Due to their life cycle characterized by long lifetime and large gene flow, forest trees are particularly exposed to temporal and spatial variation in selection. Plasticity may thus play a key role in forest trees response to climate change. The interplay between phenotypic plasticity, microevolution and gene flow on adaptation will be illustrated through the study of phenological traits in three forest tree species, beech, sessile oak and silver fir. Phenological traits have indeed been shown to be a major determinant of tree species distribution and ecosystem functioning. They also show strong responses to current climate change and large genetic variation both within and among populations, suggesting that they might evolve fast if climate change generates new selection pressures. We will focus on bud burst, taking advantage of well-adjusted process-based phenological models predicting its date of occurrence as a function of temperature and photoperiod.

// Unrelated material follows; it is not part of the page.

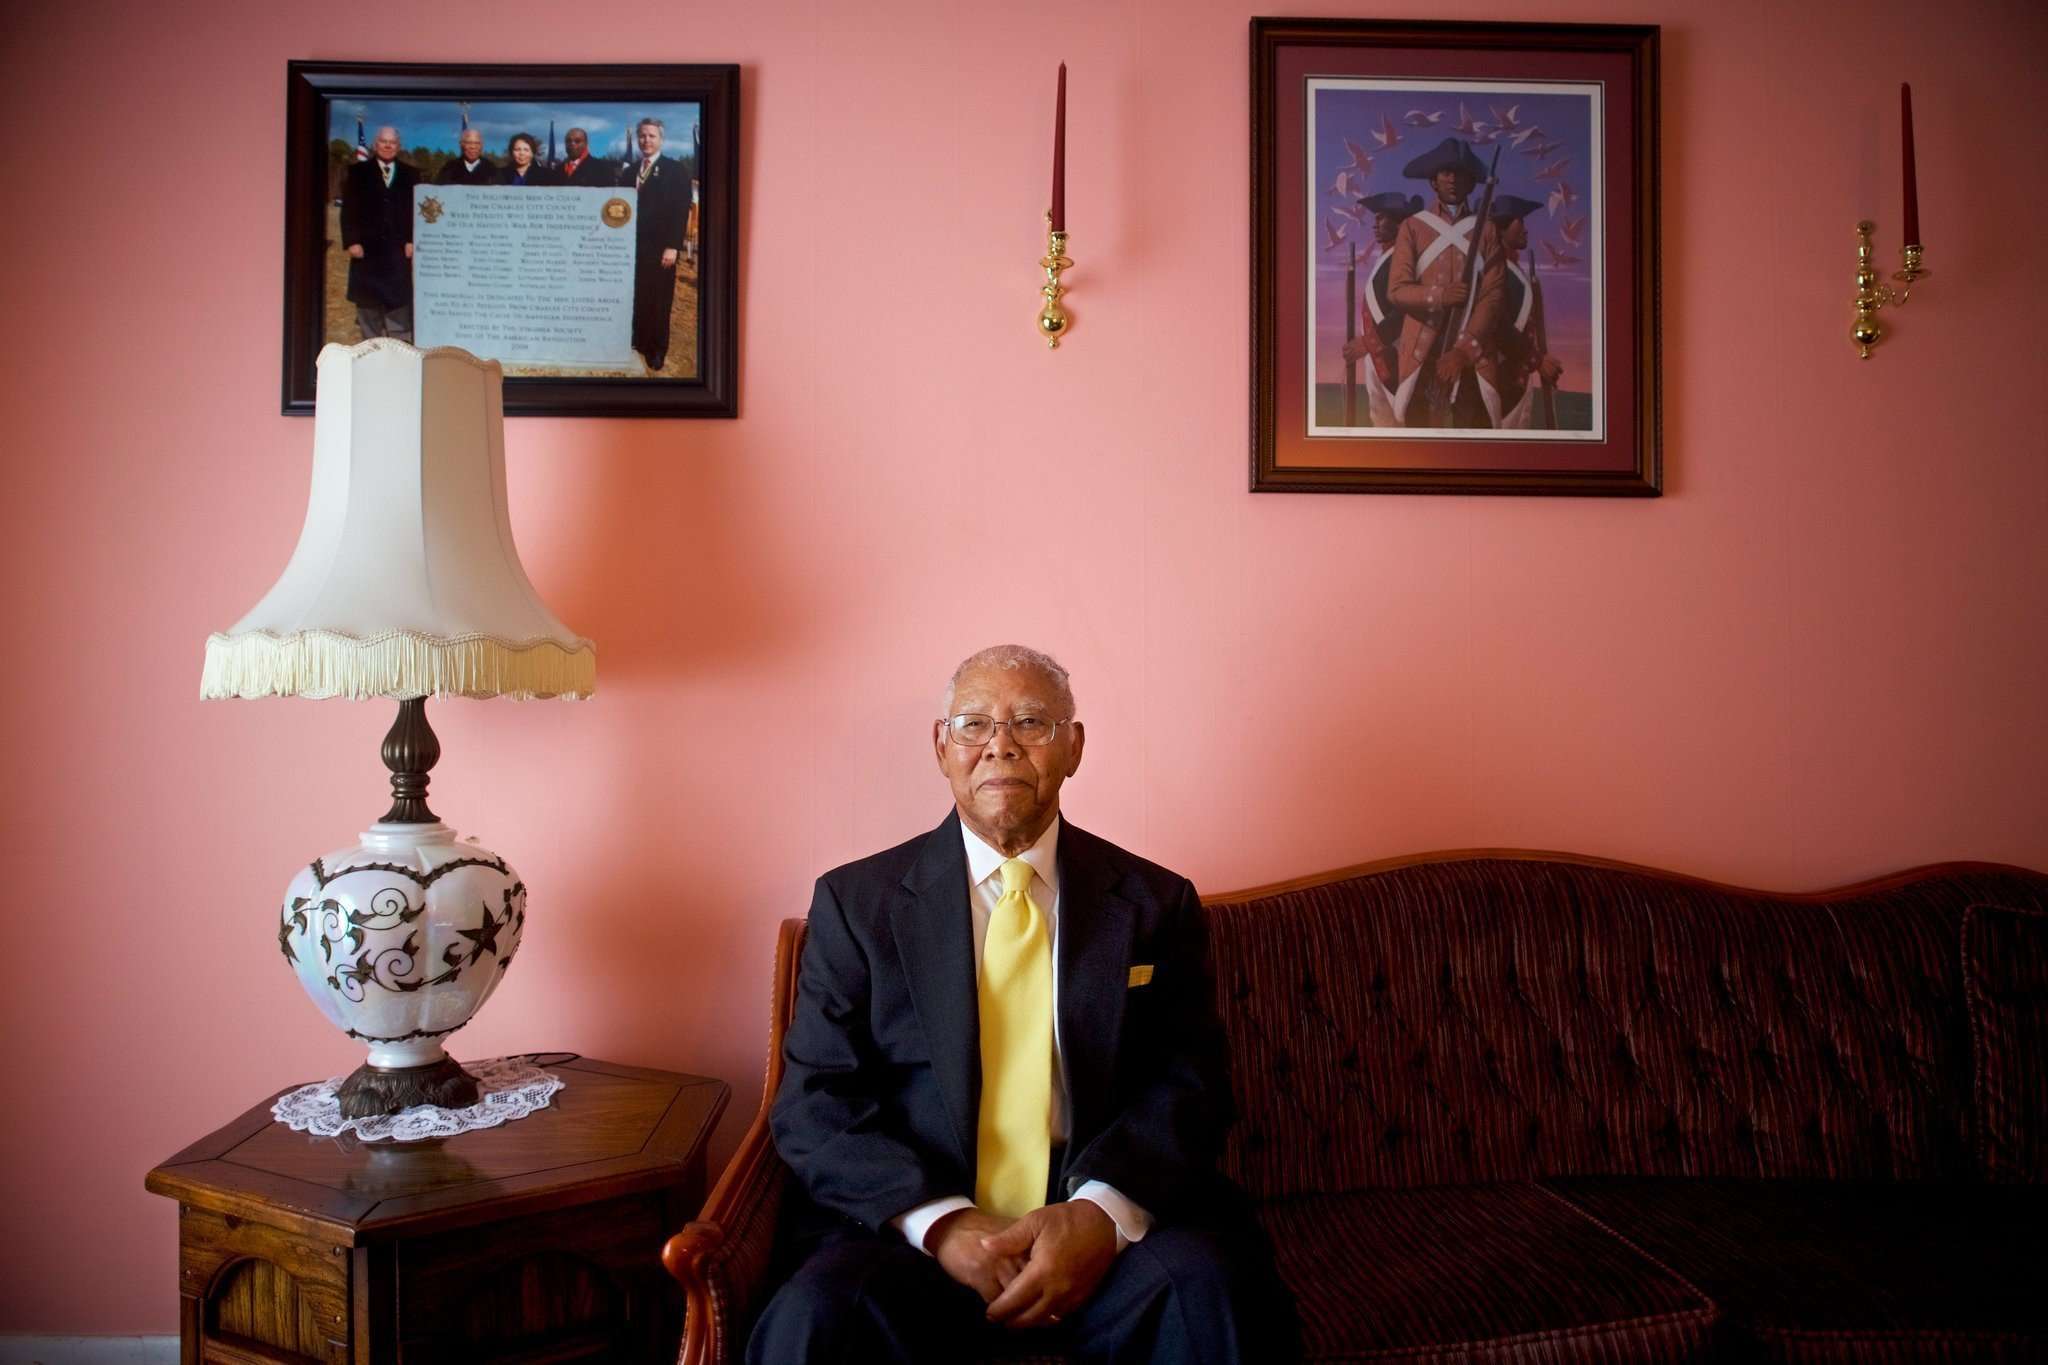 black WWII vet John E. James Jr. sitting at his house in a suit

The originality of our project lies in (i) integrating different adaptation mechanisms in ecological forecasts of climate change, which has only rarely been attempted; (ii) studying the interaction between these different mechanisms of adaptation, (iii) combining different types of modeling approaches and observations to both explore and predict the adaptive challenges and responses of tree populations experiencing climate changes. More precisely, we will make an original use of extant process-based models simulating variation in bud burst date and its impact on demographic rates, to quantitatively predict the direction and force of selection acting on phenological traits across environments in current and future climate. We will then incorporate this refined understanding of selection pressures in realistic ecological scenarios in quantitative genetics models of variable complexity to predict the joint changes in phenotypic and genetic values for bud burst dates. These predictions will be derived for a set of locations where the genetic and plastic variation in bud burst date are intensively studied, allowing quantitative tests of our predictions, as a validation step. To reach such objectives, our consortium gathers both modelers and experimentalists with complementary expertise in ecology, ecophysiology, quantitative genetics and evolutionary biology. The level of integration among the different tasks is very high. Results will (i) provide answers to fundamental questions about the evolution and adaptive value of phenotypic plasticity in variable environments, (ii) scenarios of range shift of forest tree species integrating adaptation processes and (iii) recommendations for forestry practices to manage the adaptive potential of forest tree species.